Quentin J. Broughall has just completed a PhD in Classics at Maynooth University with a thesis entitled ‘Assuming the purple: the rehabilitation of ancient Rome in Victorian culture, 1837-1901’. He held a John and Pat Hume Scholarship 2007-9 and was an I.R.C.H.S.S. Government of Ireland Postgraduate Scholar 2009-11. His academic interests are centred upon intersections between the historical reception of antiquity, Victorian and Edwardian culture, and the British Empire.
John Stuart Mill once claimed that ‘[t]he battle of Marathon, even as an event in British history, is more important than the battle of Hastings’, since ‘[t]he true ancestors of the European nations are not those from whose blood they are sprung, but those from whom they derive the richest portion of their inheritance’ – meaning the ancients. When I first began to explore Victorian classical reception, I imagined that ancient Greece and Rome were interpreted in similar terms by nineteenth-century society. As I delved more deeply into the subject, however, I realised that each of these faces of the ancient world had been appreciated in subtly different ways, which altered over time in the light of various trends and events. While my own research has focussed upon the contemporary reception of Roman antiquity, I believe that one cannot understand the dynamics of Rome without Greece, or vice versa. To that end, I want to provide a short introduction to the broad contours of the Victorian reception of Greek and Roman antiquity, taking the former first.

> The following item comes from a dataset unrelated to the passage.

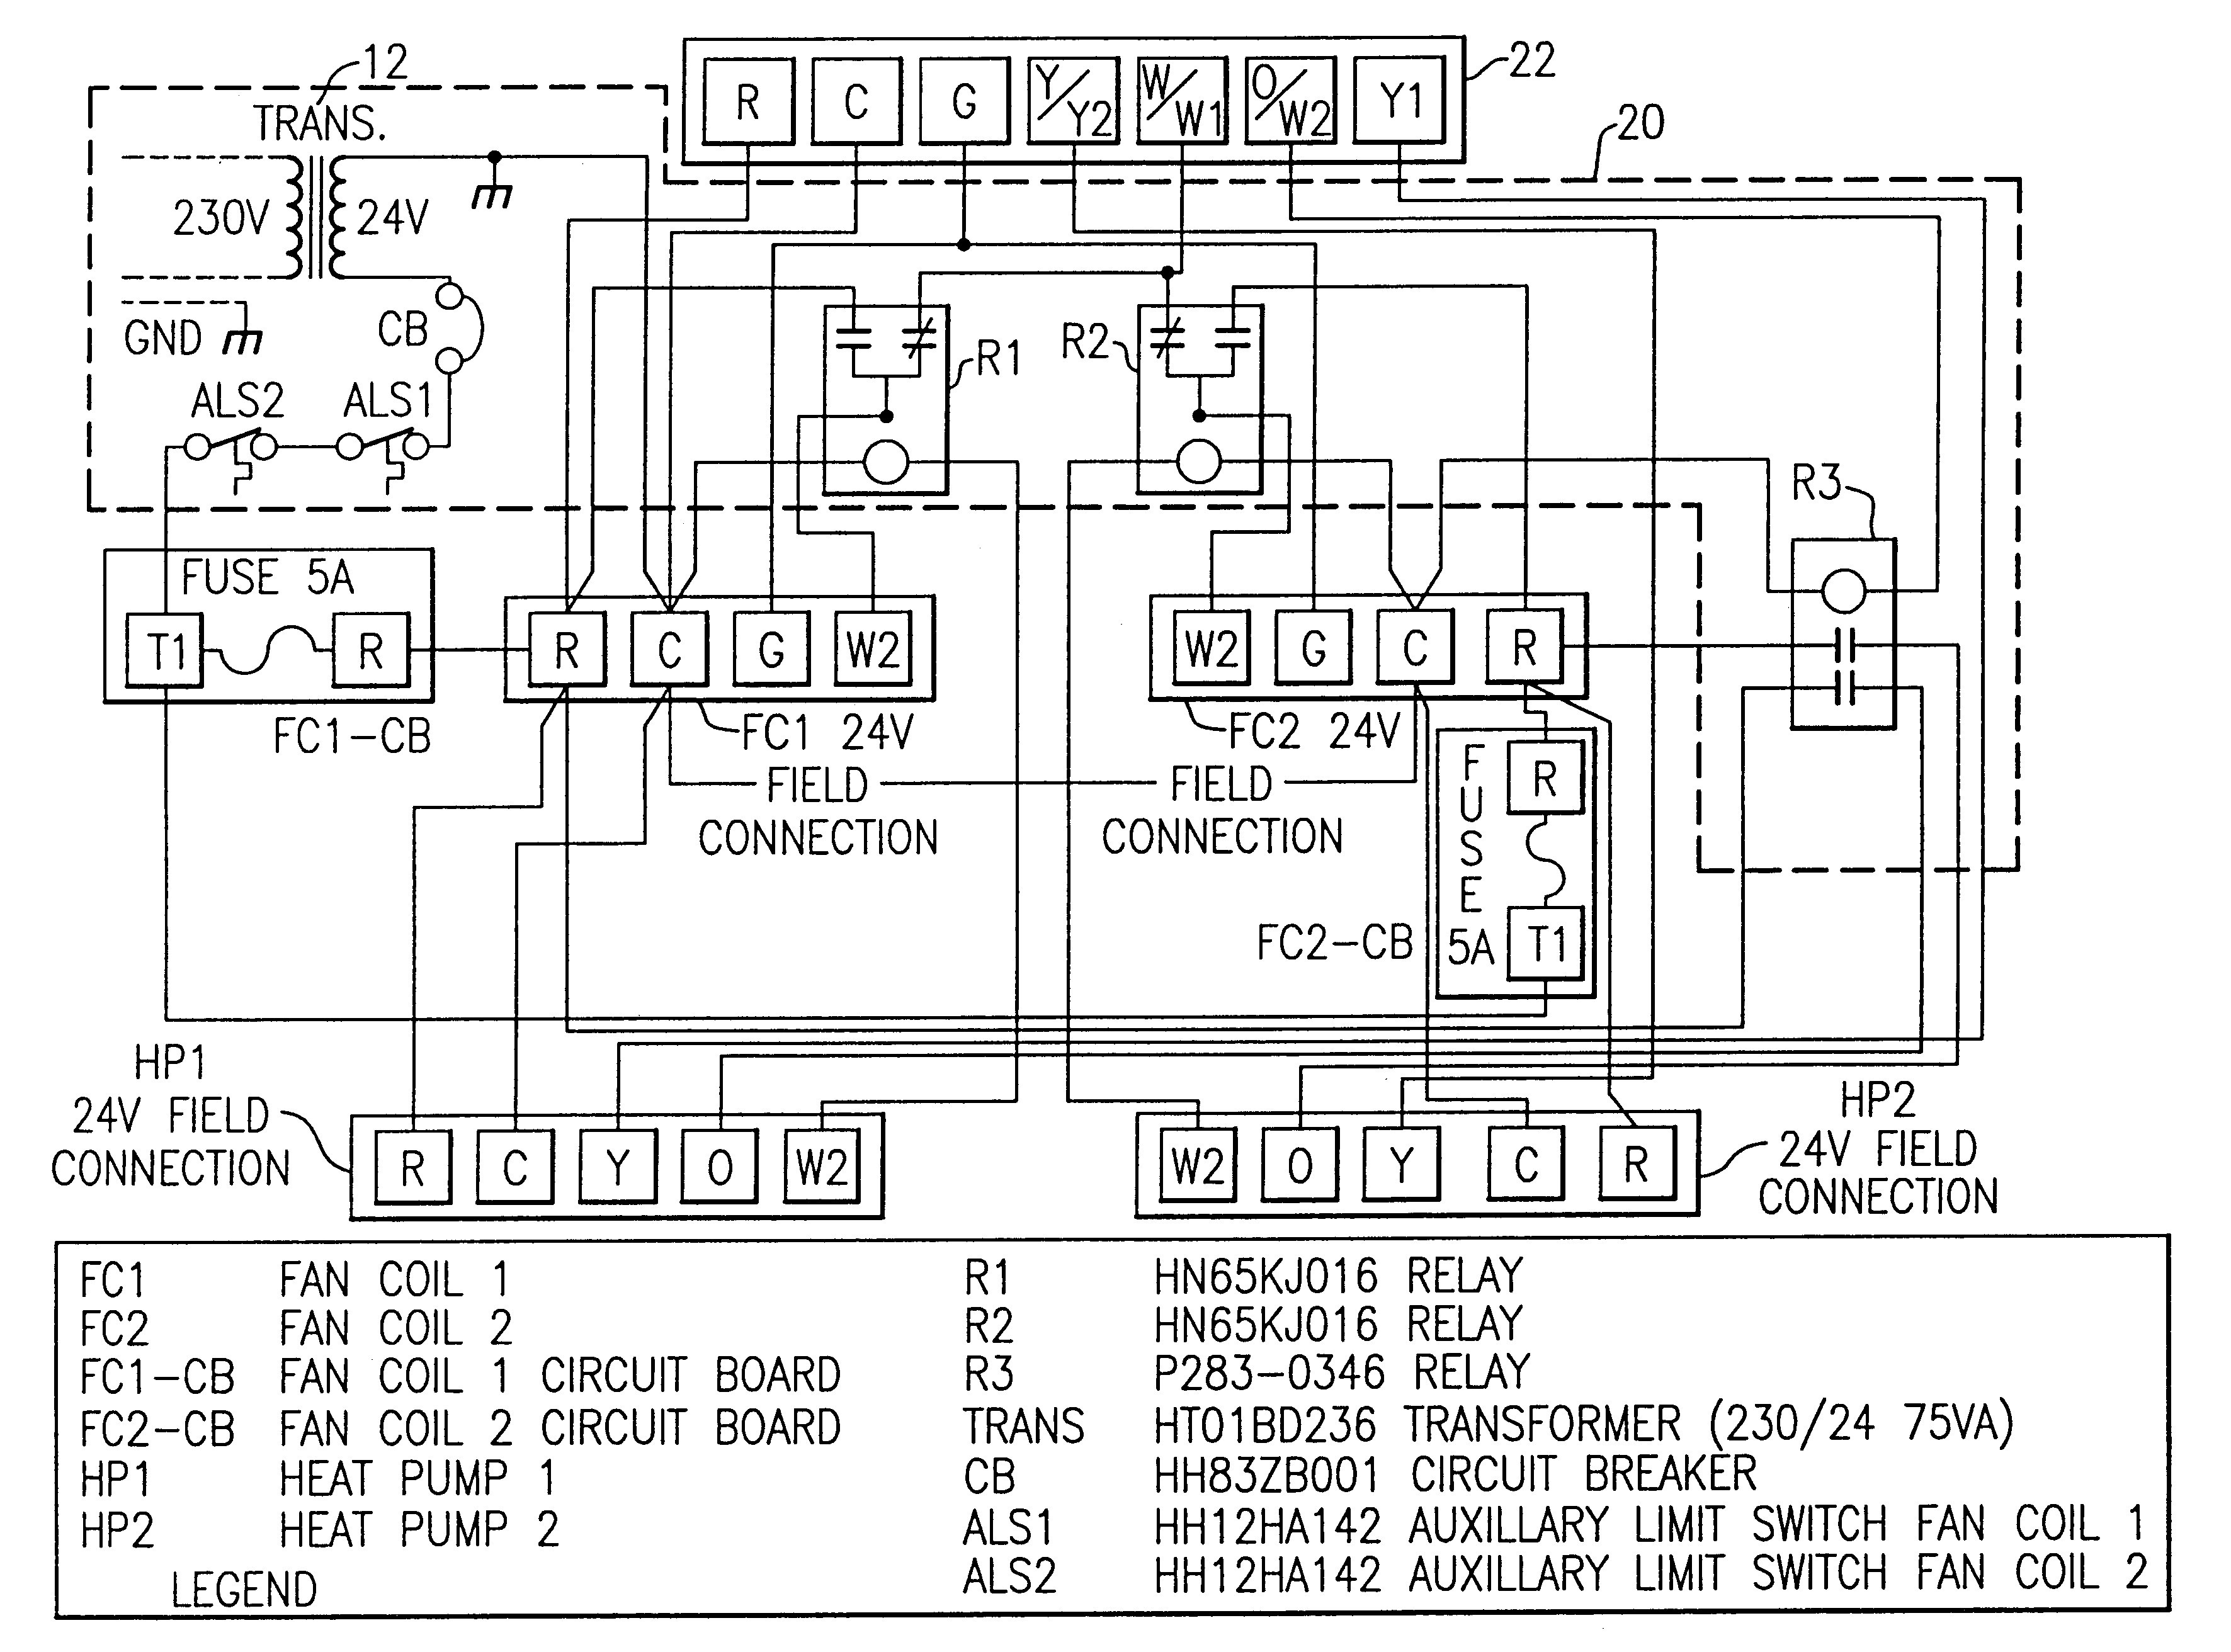 heat pump wiring diagrams inspirational electric heat strip wiring rh detoxicrecenze com York Heat Pump Thermostat Wiring Diagram Heat Pump Wiring Diagram Schematic

One of the most well-known quotations in the study of nineteenth-century Hellenism comes from a few years before Victoria ascended the throne, when the Dean of Christ Church, Oxford, Thomas Gaisford, commented in a sermon that Greek literature ‘not only elevates above the vulgar herd, but leads not infrequently to positions of considerable emolument’. Claiming for the study of Greek both idealistic and practical advantages, Gaisford was referring to the fact that, while Hellenism was held up as a cultural epitome, Greek scholarship also led many to gain high ecclesiastical offices in the Church of England, often as so-called ‘Greek-play bishops’. In this way, Gaisford’s remark reflects something of the elitism already associated with Hellenism at the start of Victoria’s reign – though this was to grow only more pronounced as the century continued.
While the apex of British Hellenism dates roughly from the later decades of the eighteenth century to the 1830s, it remained an important cultural discourse to Victorian society. Indeed, some of the defining personalities of the Victorian era were confirmed Hellenists, including figures as diverse as Elizabeth Barrett Browning, William Gladstone, George Eliot, Matthew Arnold and Oscar Wilde. While it naturally varied in its applications, Victorian Hellenism was predicated primarily upon the study of Greek art and mythology, alongside that of Homer and Plato, though it idealised Periclean Athens as the golden age of Greek civilisation. In particular, Athenian democracy appealed as a paradigm for those who believed in reform as the watchword of Victorian domestic politics, as well as those who supported a British colonial model of mother country and juvenile territories, like that of Magna Graecia.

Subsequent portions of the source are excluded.